XTT Test for Cellular Dehydrogenase Activity

The adherent, growing, tumor cell lines HeLa/KB, SK-OV-3, MCF-7, L1210 and RKO were cultured under standard conditions in an incubator with gas inlet at 37° C., 5% carbon dioxide and 95% relative humidity. On day 1 of the experiment, the cells were detached with trypsin/EDTA and palletized by centrifuging. Subsequently, the cell pellet is re-suspended in the respective culture medium in the appropriate cell count and transferred into a 96-well microtiter plate. The plates are then cultured overnight in the incubator with gas inlet. The test substances are used as a 10 mM stock solution in DMSO and diluted on the second day of the experiment with culture medium to the appropriate concentrations. The substances in the culture medium are then added to the cells and incubated for 45 hours in the incubator with gas inlet. The cells, which were not treated with test substances, were used as controls. For the XTT-Assay, 1 mg/mL of XTT (sodium 3′-[1-(phenylaminocarbonyl)-3,4-tetrazolium]-bis(4-methoxy-6-nitro) benzenesulfonic acid) in RPMI-1640 medium was dissolved without phenol red. Additionally, a 0.383 mg/mL PMS (N-methyl dibenzopyrazine methyl sulfate) solution in phosphate buffer cell solution (PBS) was prepared. On the fourth day of the experiment, 75 μL/well of XTT-PMS mixture was pipetted onto the cell plates, which had meanwhile been incubated for 45 hours with the test substances. For this purposes, the XTT solution is mixed with the PMS solution in a ratio of 50:1 (v: v) shortly before use. Subsequently the cell plates are incubated in the incubator with gas inlet for a further three hours and the optical density (OD_490nm) is determined in a photometer.

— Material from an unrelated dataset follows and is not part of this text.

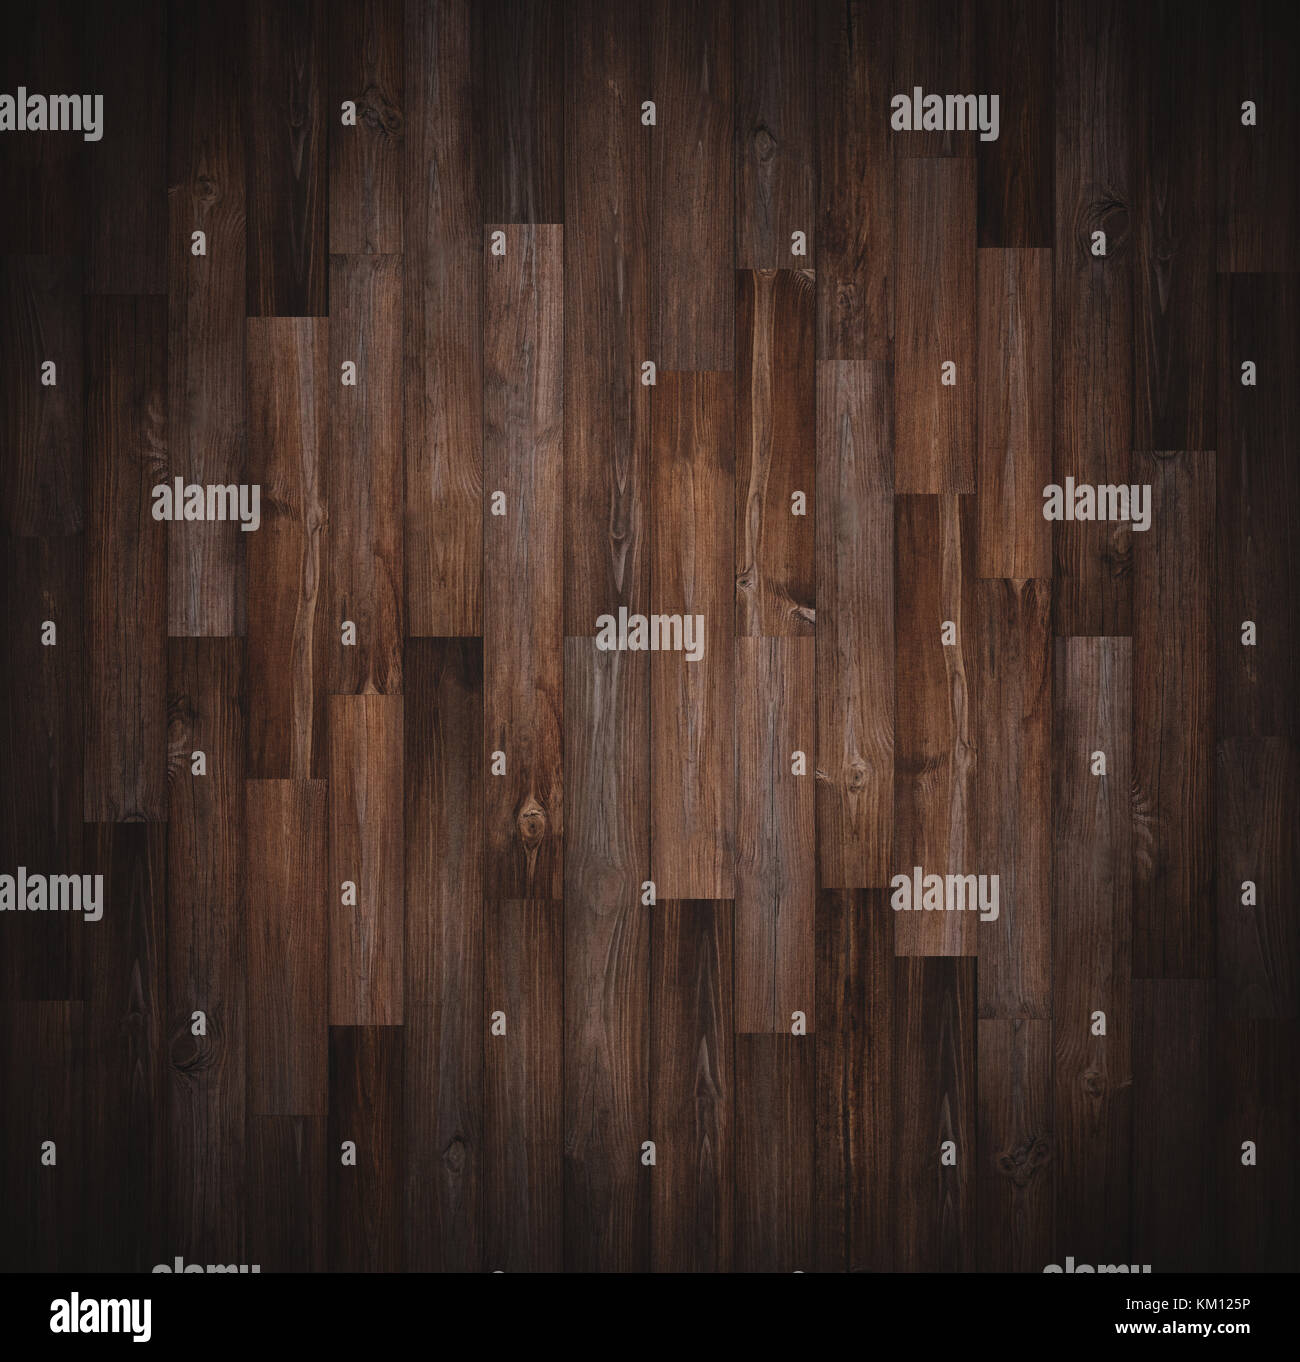 Dunkles Holz Textur Hintergrund, Vignette Grenze Stockfoto

The percentage inhibition relative to the control is calculated by means of the OD_490nm, which has been determined, and the activity is plotted against the log of a concentration. The IC₅₀is calculated from the concentration-activity curve by means of a regression analysis using the Graphpad program.

Determination of the Anti-Proliferative Activity in the Hollow Fiber Model in vivo

The tumor cells lines HeLa/KB, MCF-7 and L1210 are added to polyvinylidene fluoride hollow fibers (5×10⁶cells/mL) and transplanted into the physiological compartments of the nude mouse (intraperitoneally, i.p., or subcutaneously, s.c.). A total of six hollow fibers (3 i.p. and 3 s.c.) with the respective tumor cell lines is transplanted into each experimental animal. One group of six animals is treated with the test substance (i.p. once daily for a total of 4 days) (ok?). The animals, which have been treated only with the solvent tylose, acted as control. The hollow fibers are explanted one day after the last application of substance. The proportion of metabolism-active, vital cells is determined for each hollow fiber by means of the XTT assay (see above). From this, the anti-tumor activity of the test substance is determined as the percent inhibition relative to the control.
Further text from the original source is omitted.